This film is playing at the London Film Festival and was viewed on the digital press library. The festival runs from October 2nd-13th. You'll find a link to tickets at the end of this post. At time of writing, tickets are available for both of its screenings.
Dir: Nina Menkes
It is clear from the very first moment that Queen of Diamonds is not going to deal much in words. The title card comes up not as text but as a playing card. This is all the introduction we get to Nina Menkes’ demanding but rewarding look at one woman’s life on the outskirts of Vegas.
Made in 1991 and recently restored in 4K, this is likely to be one of the big discoveries of the LFF Treasures section for many viewers. It’s hard to ascribe anything approaching a story to this film, it hints at many behind the sometimes disconnected images, but not fully engaging with them is just one of the ways the film skirts any hint of cliche. Tinka Menkes plays Firdaus. We learn she lives in a motel, where her neighbours are an engaged couple and the man is hitting the woman. Firdaus works in what looks like a rather low rent casino and she helps care for an old man. Her husband is missing, but this doesn’t appear to concern her.
Events are thin on the ground, instead Nina Menkes puts us in a world somewhere between realism and surrealism, capturing the grinding mundanity of Firdaus' day to day life in a series of strikingly framed images, most of them in long shot, silent and unmoving. By so often sitting still on a shot for an extended period of time, Menkes forces us to draw ourselves into each image, to study every part of her framing and construction. The result doesn’t always reveal great meaning in the individual frame, but the beauty of her composition always means that there is pleasure merely in the looking and eventually in trying to piece the images together into some kind of full picture, like a jigsaw that will let us in to Firdaus, who remains a remote figure throughout. Perhaps the most striking image in the early part of the film comes when Firdaus goes for a walk with a man she meets on the beach. Rather than watch them walk we find them next standing at the edge of frame while, on the other extreme edge, a palm tree burns. The man leaves at some point, but we watch with her as it burns out in a shot that doesn’t move for something like three minutes.

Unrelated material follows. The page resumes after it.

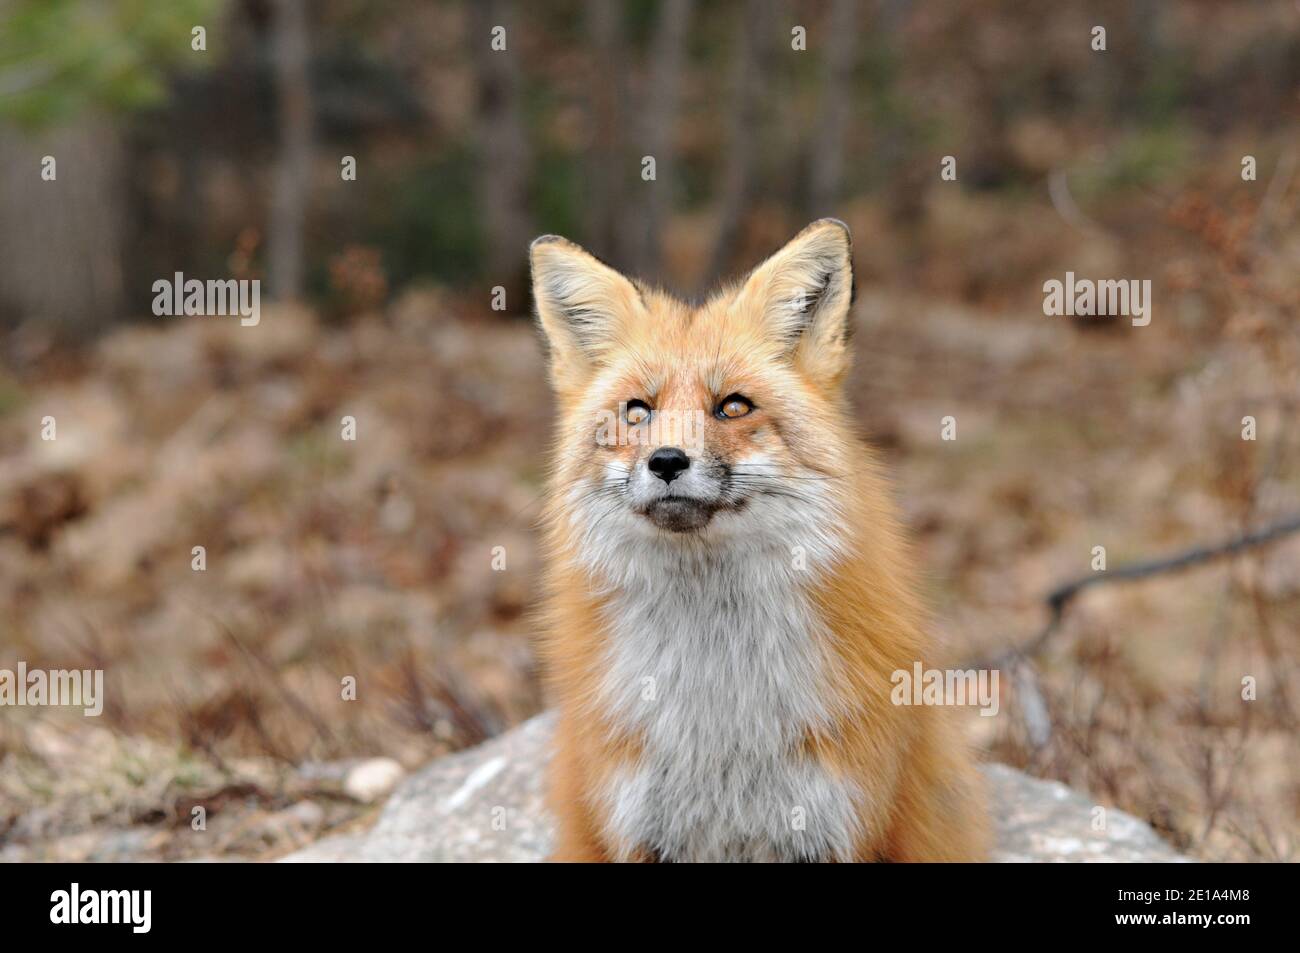 Rotfuchs Kopf erschossen Nahaufnahme Vorderprofil Blick in Richtung des Himmels mit einem unscharfen Hintergrund in seiner Umgebung und Lebensraum. Fox-Bild. Bild. Stockfoto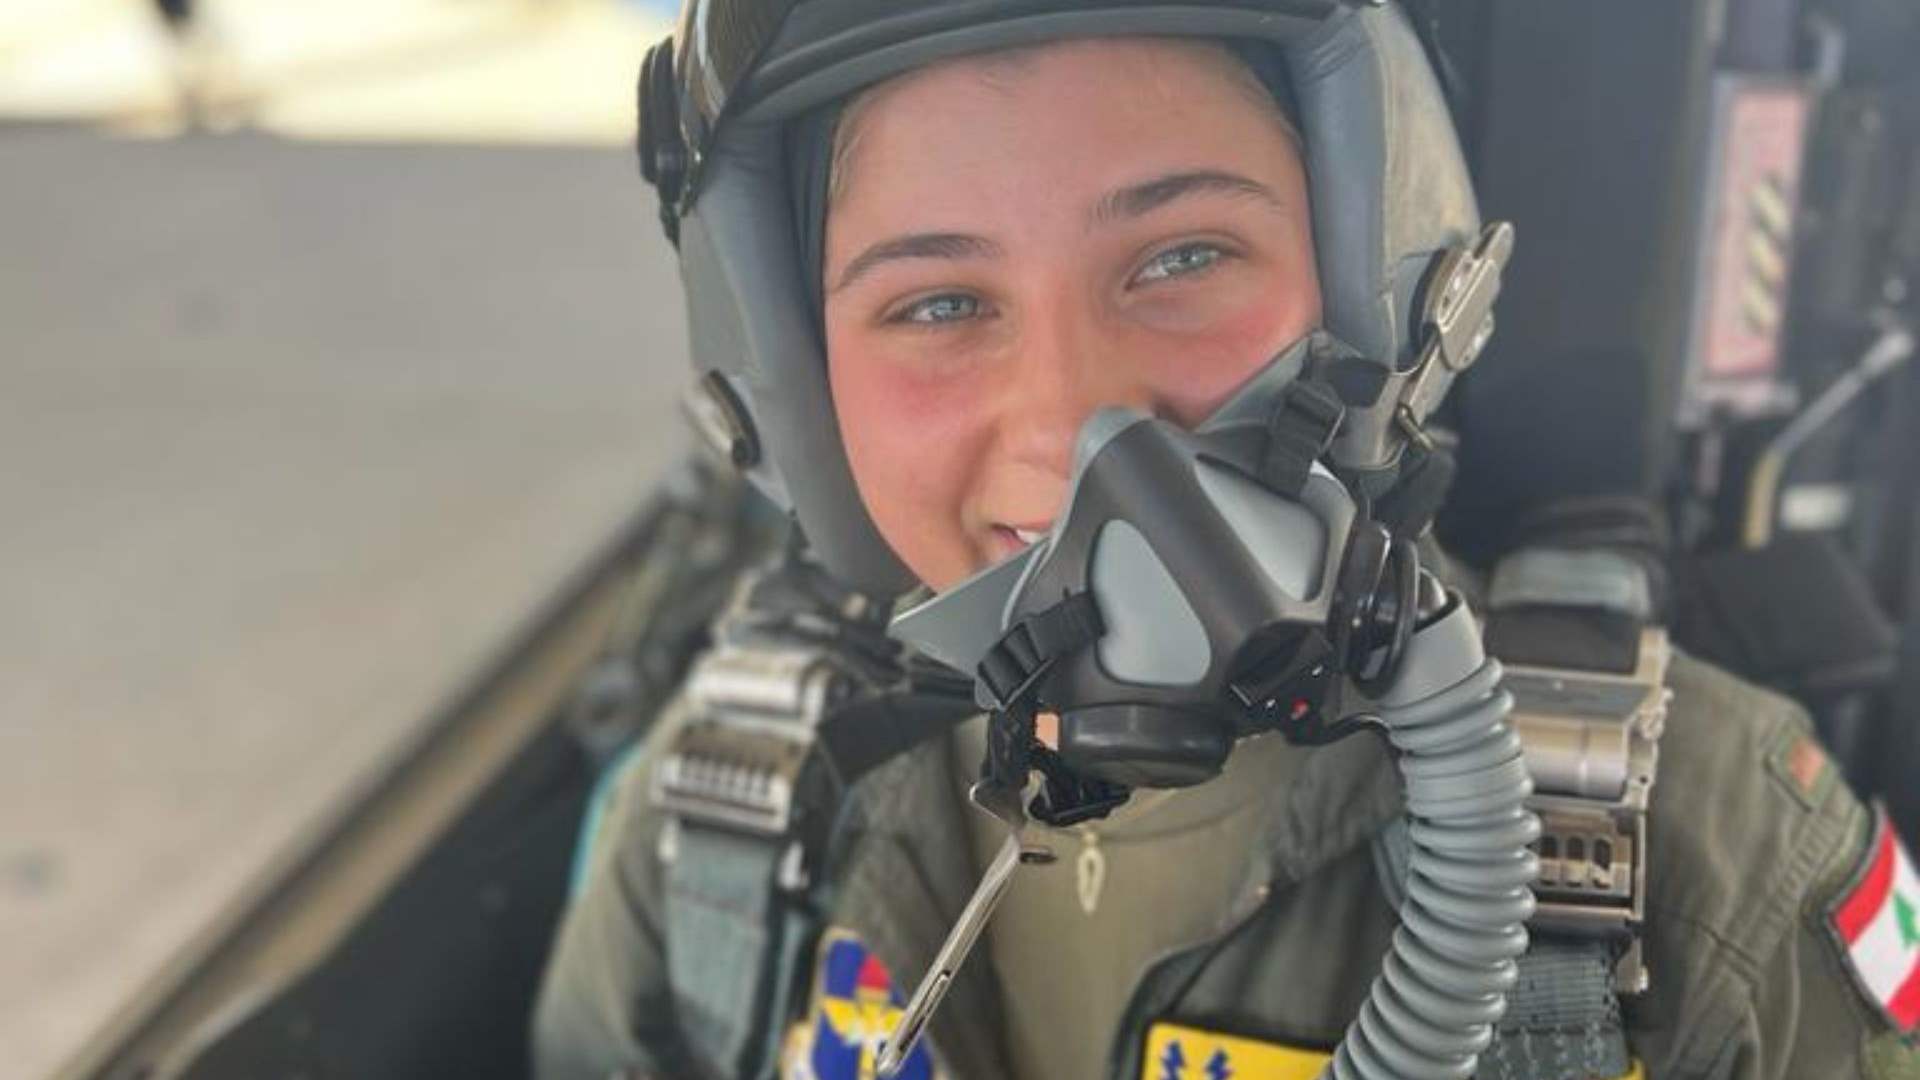 LAF hails first female fighter jet pilot

Camera movement and cutting are so rare that when, about thirty minutes in, we come to a scene where we see Firdaus at work and Menkes zooms in on something, then cuts, it is almost a shock to the system. For a while it feels like Queen of Diamonds is settling into something approaching a normal filmic rhythm, but that’s only in the first part of the sequence. Menkes drags this sequence out for a long time—in full it is perhaps 15 of the film’s 77 minutes—it is clear the aim is to show us the repetitiveness and perceived length of her main character’s work day. This is highly successful, but not just through the length of the sequence. Images, cuts and camera movements repeat in a cycle, the camera often focusing on how Firdaus always leans on the card chute, or how she pushes money into a bank in the table. Menkes seems to break continuity, emphasising what feels like a time loop of mundane work and all the while she subtly builds a ticking clock into the sound design. It’s a sequence that demands patience and attention, but which is hugely rich and revealing if you give yourself over to it. In one way it’s hugely atypical of the film, in another it’s the whole thing in miniature. The second half of the film does take a few of the qualities of this sequence, but still remains stylistically very true to the still and studied overall style.
Dialogue is thin on the ground, serving little like traditional narrative function when it does appear. Even the sound quality—whether by design or happenstance—underlines this with the dialogue sounding distant, even overheard. Character too, is a slippery notion. We get no real background on Firdaus and her one friend who occasionally appears is equally an enigma. It would almost be fair to say we know more about the neighbour and his fiance, but even so, a long sequence towards the end of the film, though the jollity set against the bruises we can see on the bride is perhaps Menkes’ clearest signpost to what the film is saying as a whole, is the only segment that truly feels drawn out.
Queen of Diamonds is something of an enigma, but it’s gorgeous, hypnotic and quite unlike anything else I’ve seen recently. I want to dive into further viewings and try to unpick what lies behind it. One thing, though, is certain: it’s a crime that I hadn’t even heard of Nina Menkes before, and you should take this all too rare opportunity to discover her work.